While the study used computer vision to track actors’ appearances on screen, algorithms were not used to make judgements about race, gender or ethnicity, Bamman said. Instead, his team consulted Wikidata for public understanding about each actor’s gender, and conducted user surveys to determine how viewers might perceive each actor’s race/ethnicity.

“The rationale for thinking about perceptions is that we want to try to approximate the representation that an average viewer sees on screen, and not try to infer anything about the identities of actors, which is unknowable outside of statements by the actors themselves,” Bamman said. “Focusing on perceptions gives us a sense about how representation in casting decisions and screen time ultimately lands in viewers.”

Tom Hanks, wearing glasses and a beard, pictured at a public event. — Tom Hanks had the most screen time of all the actors included in the study, appearing in a total of 17 hours and 36 minutes of footage.
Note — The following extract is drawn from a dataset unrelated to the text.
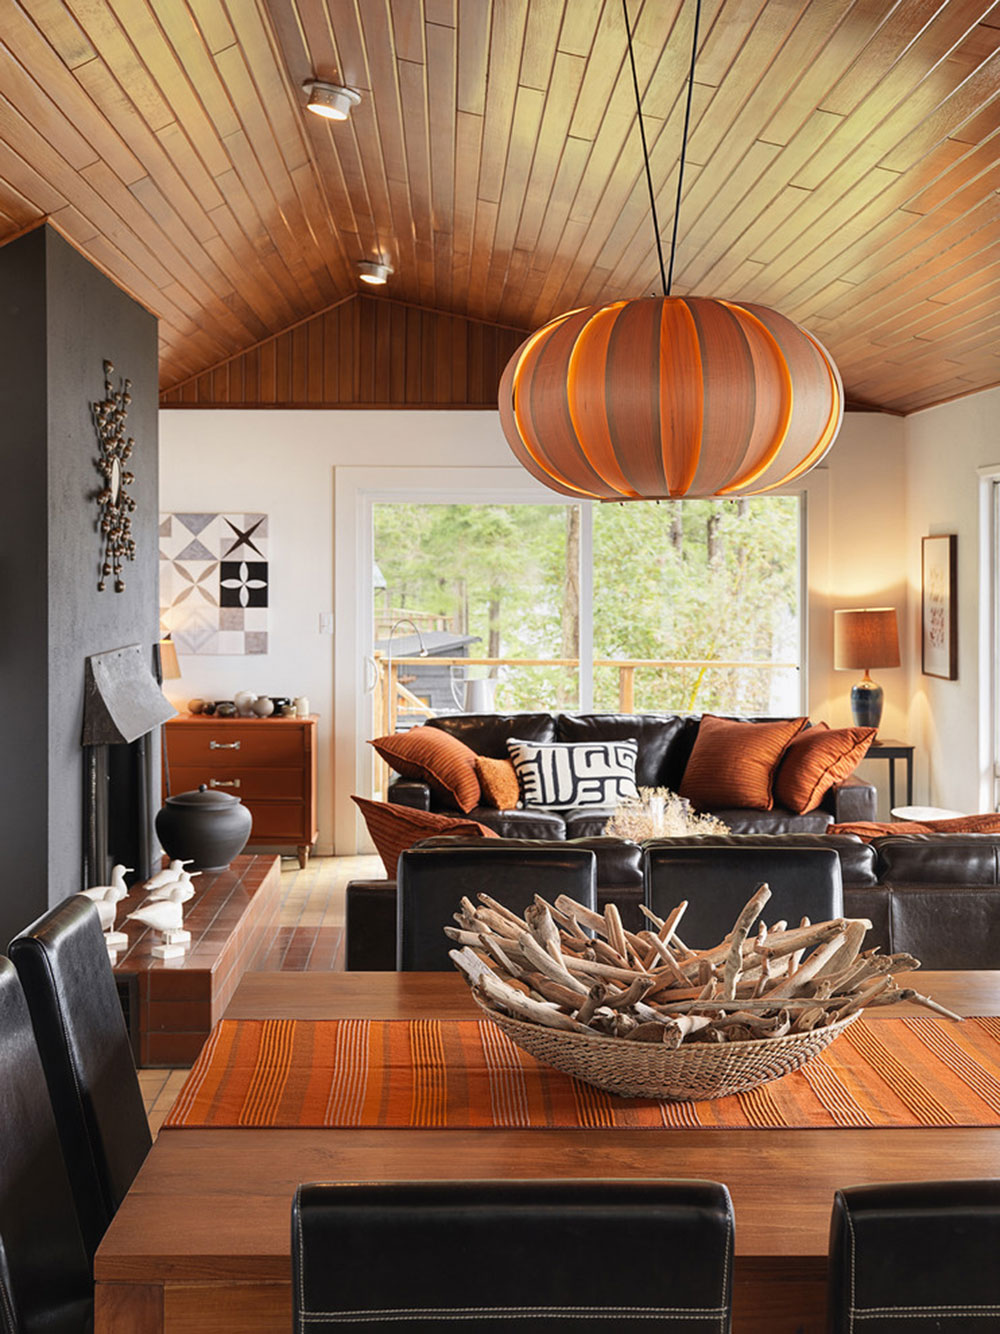 Examples-Of-What-Color-Goes-With-Orange17 Examples Of What Color Goes With Orange (22 House Interiors)

Tom Cruise came in second, appearing in 16 hours and 55 minutes of footage.
John Bauld via Wikimedia Commons (CC BY 2.0)

In addition to confirming that Hollywood films have become more diverse since 2010, the study found that the rate at which viewers see women on screen increased from a steady 25% between 1980 to 2010 to around 40% in 2022. However, all groups except white men remain underrepresented in leading roles compared to non-leading roles.

They also found that Black actors are underrepresented in award-nominated films, compared to popular films, but that this difference is largely due to underrepresentation in award-nominated films from 1980 to 2010.

To support research reproducibility and encourage further understanding of the films, Bamman and his team have released non-copyrighted elements of their data, including metadata about the frames in a movie that each actor appears in, the location of each face within each frame and the UPCs (Universal Product Codes) of all the DVDs they purchased.

In the future, Bamman said he also hopes to use the data set to ask more nuanced questions about representation in film — not just examining the presence of an actor on screen, but also how the person is depicted and how these depictions may relate to stereotypes and biases.

“I’m hoping that this is really able to accelerate research in the cultural analytics of film, where we and others are able to use methods from computer vision to measure large-scale trends in these important objects of culture,” Bamman said. “We would love to work both with movie studios and film researchers toward this goal.”

Additional co-authors of the study include Naitian Zhou of UC Berkeley and Richard Jean So of McGill University. The research was supported by funding from the Mellon Foundation.